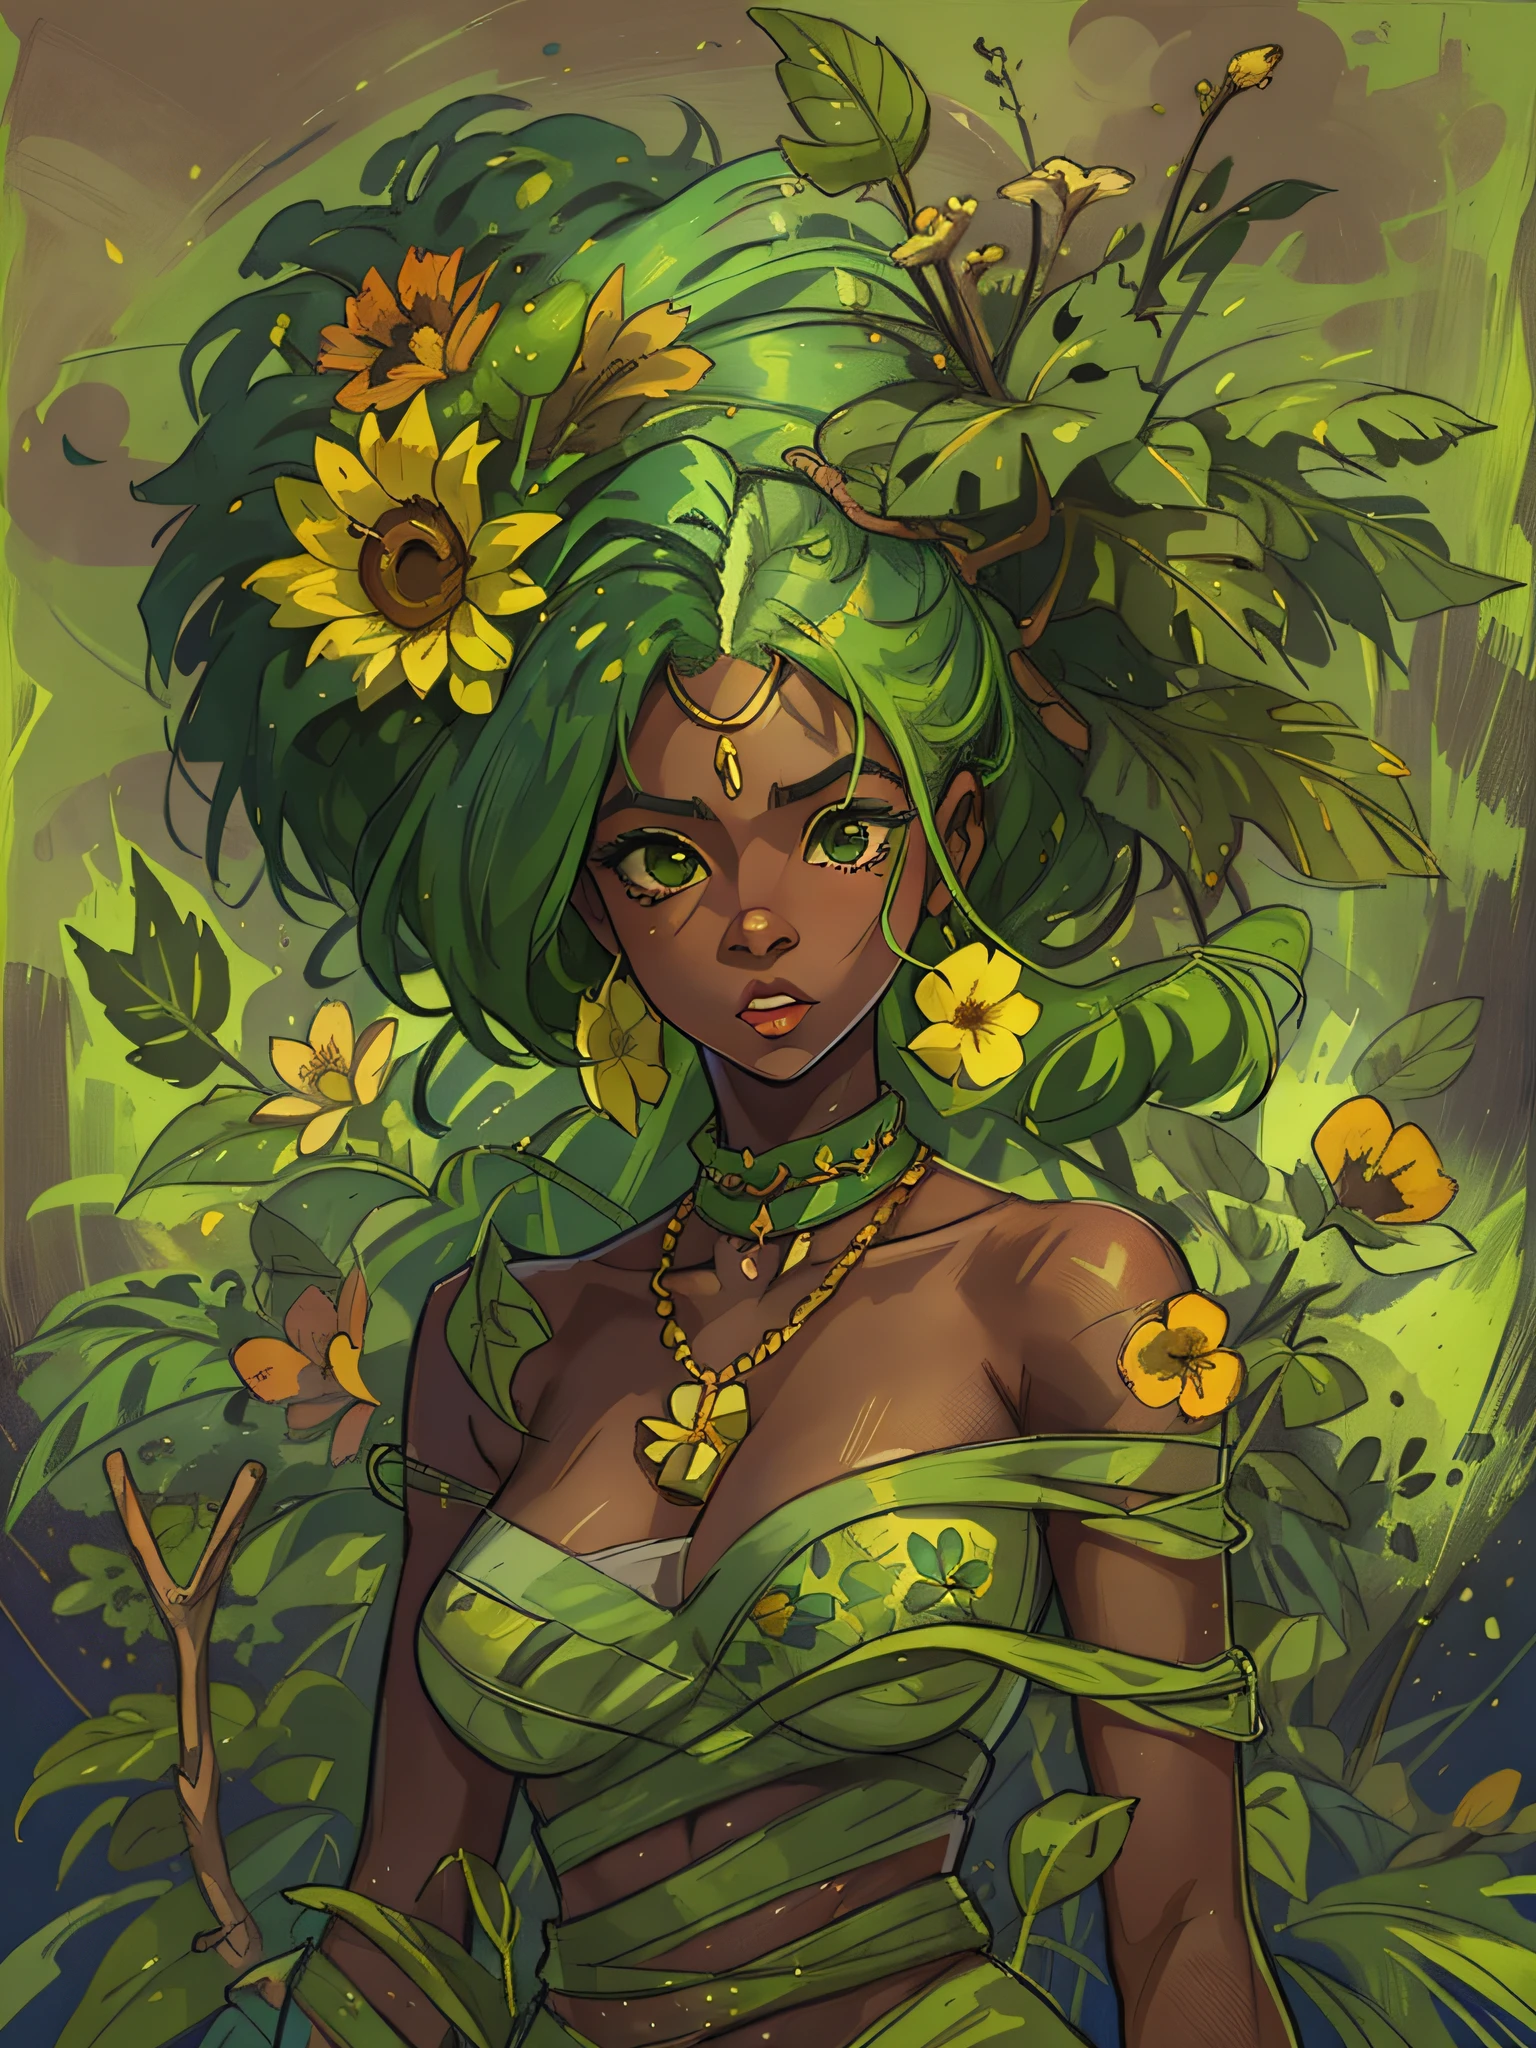 阿玛利亚, 一個年輕的黑人婦女, 綠髮, 散發出力量和韌性的光環. 裝飾著植物和花卉編織的衣服, 她的服裝頌揚自然之美，同時展示她與地球的聯繫.
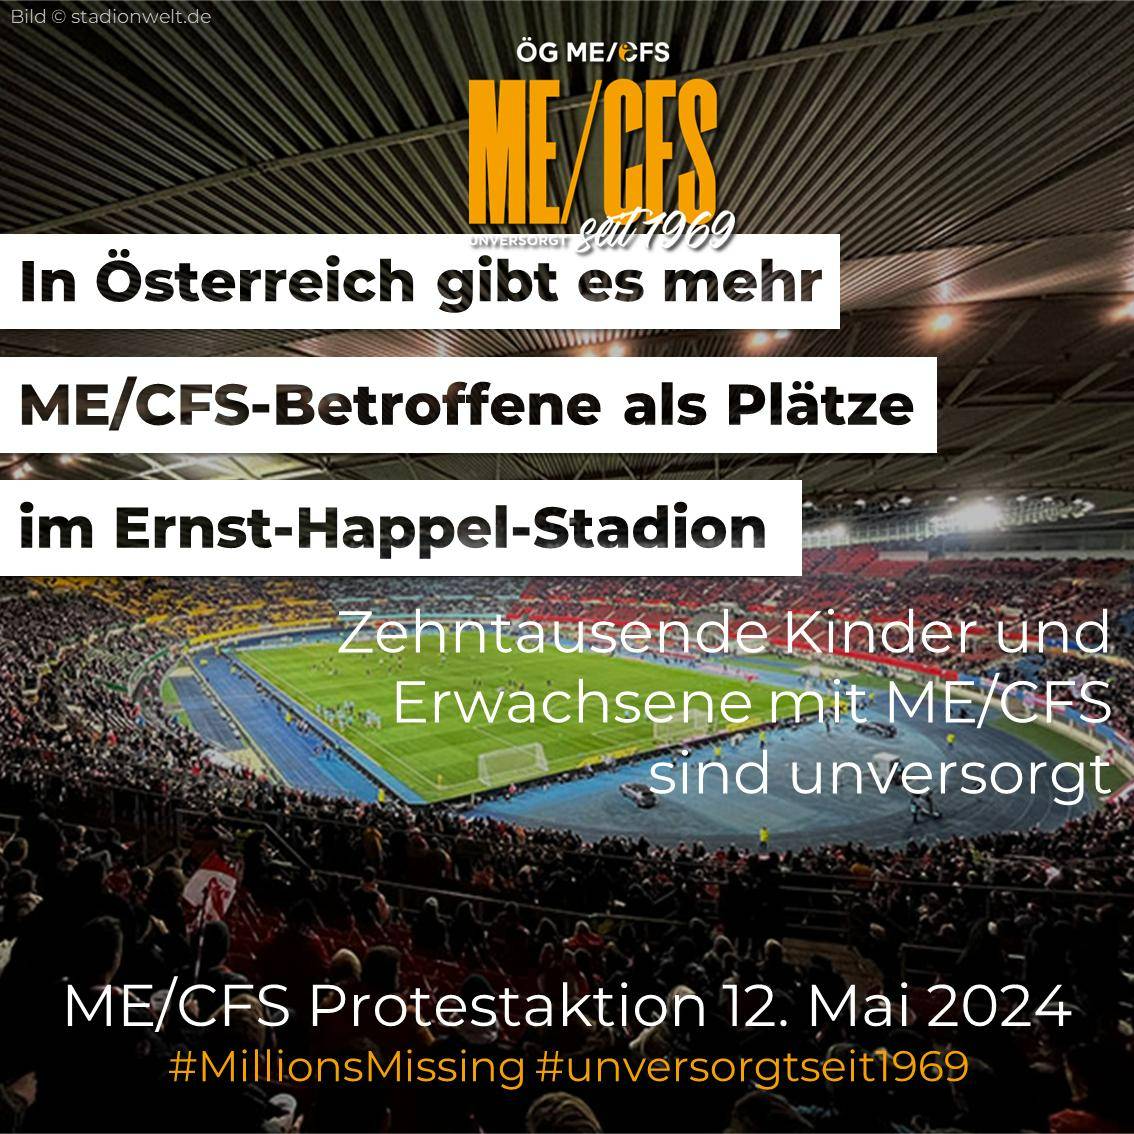 📣📢Protestaktion 12.Mai 📣📢 In Österreich gibt es mehr ME/CFS-Betroffene als Plätze im Ernst-Happel-Stadion! Zehntausende Kinder und Erwachsene mit #MECFS sind unversorgt. Schon vor der Pandemie waren zwischen 26.000 und 80.000 Menschen betroffen. 1/4
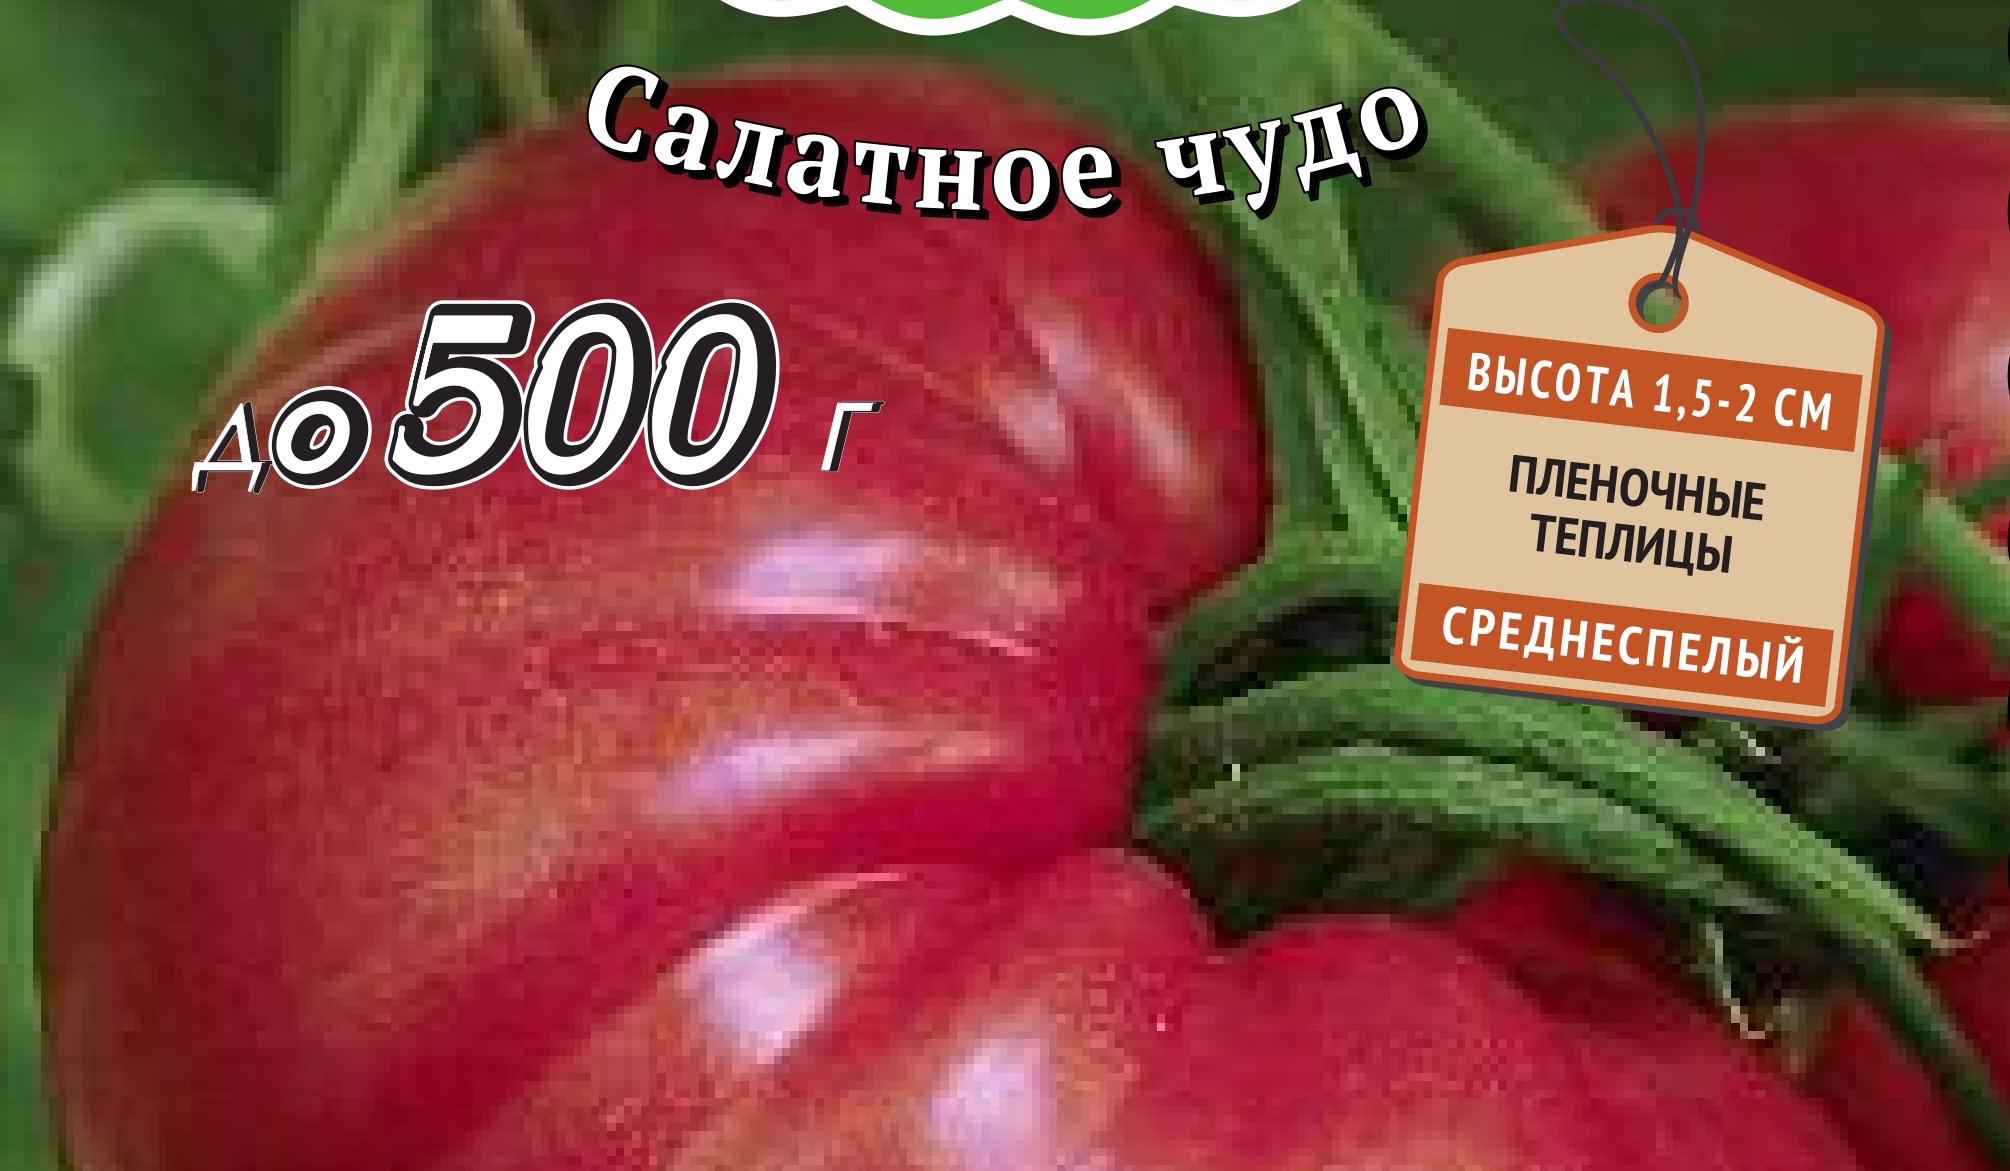 Сорта помидоров сибирской селекции для посадки в 2021 году в открытый грунт или теплицу
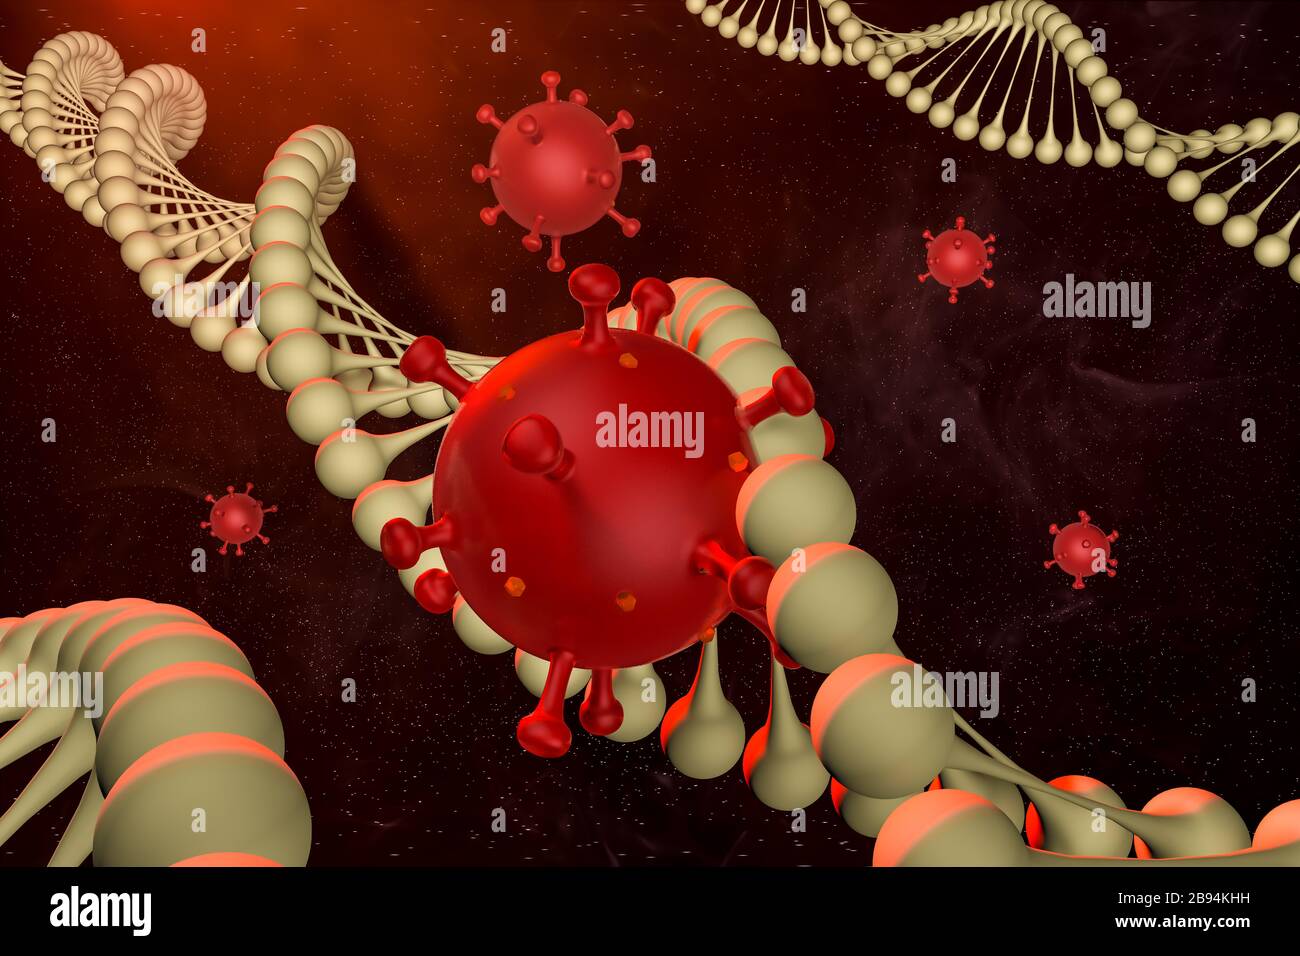 Illustration médicale abstraite modélisée par ordinateur du coronavirus Novel 2019-nCoV covid-19 dans la chaîne d'ADN. Concept de protection contre la pandémie de virus. Microbiologie Banque D'Images

→ **WORK INSTRUCTIONS**
What you need to retype is every line from the one that has "Сорта помидоров сибирской" through the last line of the listing, both included, with the pictures left out.

→ **SOLUTION**
 Сорта помидоров сибирской селекции для посадки в 2021 году в открытый грунт или теплицу
 Illustration médicale abstraite modélisée par ordinateur du coronavirus Novel 2019-nCoV covid-19 dans la chaîne d'ADN. Concept de protection contre la pandémie de virus. Microbiologie Banque D'Images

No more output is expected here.